When stories about the beauty of the hills and the hand-built log cabins that nestled in the hollers by little spring-fed creeks got published in big city newspapers, people took notice. To those people living their modern lives in those big cities, Brown County sounded like a way to go back and visit simpler times. And so, the tourist industry was born.

It wasn’t until the 1920s that tourism in Brown County really caught on. Before that, the unimproved dirt roads were barely drivable and the same could be said for most of the early automobiles. In the times before that, horses, wagons, and carriages were the only modes of transportation making day trips impossible. You could get to Helmsburg or Fruitdale by way of the railroad that came through in 1906. But then you had to hire a carriage to get to Nashville. It took most of a day to get there—that is if it didn’t rain and the roads weren’t muddy, because then it took a lot longer.

When tourism became popular, it brought quite a few changes to the county. Tourists needed to be fed—so the restaurant business took off.

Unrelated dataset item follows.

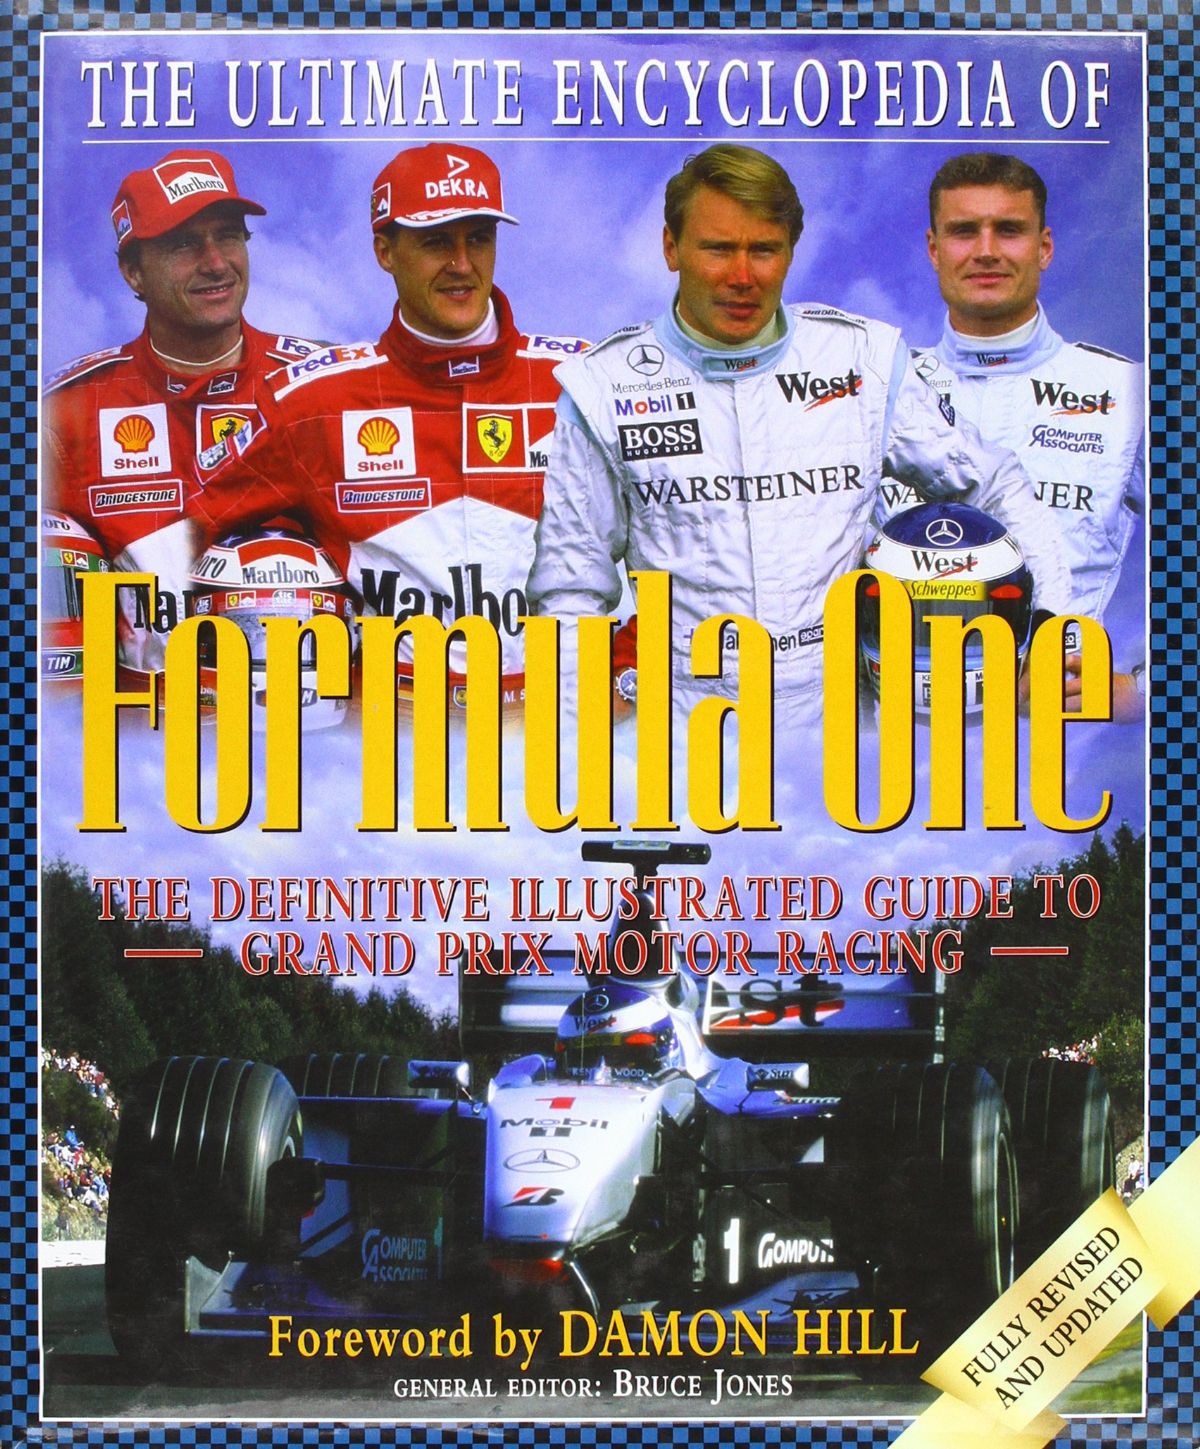 The Ultimate Encyclopedia of FORMULA ONE

Automobiles needed gasoline, oil, tires, and repairs—so blacksmiths and livery stables gave way to mechanics and garages. Folks needed places to stay—so hotels were provided. And tourists wanted souvenirs to take back home as mementos of their visit.

The desire for souvenirs led to county folks turning their talents towards crafts like basket making, wood carving, quilting, and more, to create those souvenirs. And then shops were needed to sell the local crafts. Pretty soon the little village of Nashville, that consisted of fewer than four hundred people in 1900, began to resemble the tourist destination it is today.

Like the artists who came to Brown County and made important contributions, tourists have also made major changes to the way of life here. The qualities that make the county what it is, the surviving attitude of self-reliance, the crafts people and artists, and the people who come to visit, are all part of a symbiotic web that we call “Our Brown County.”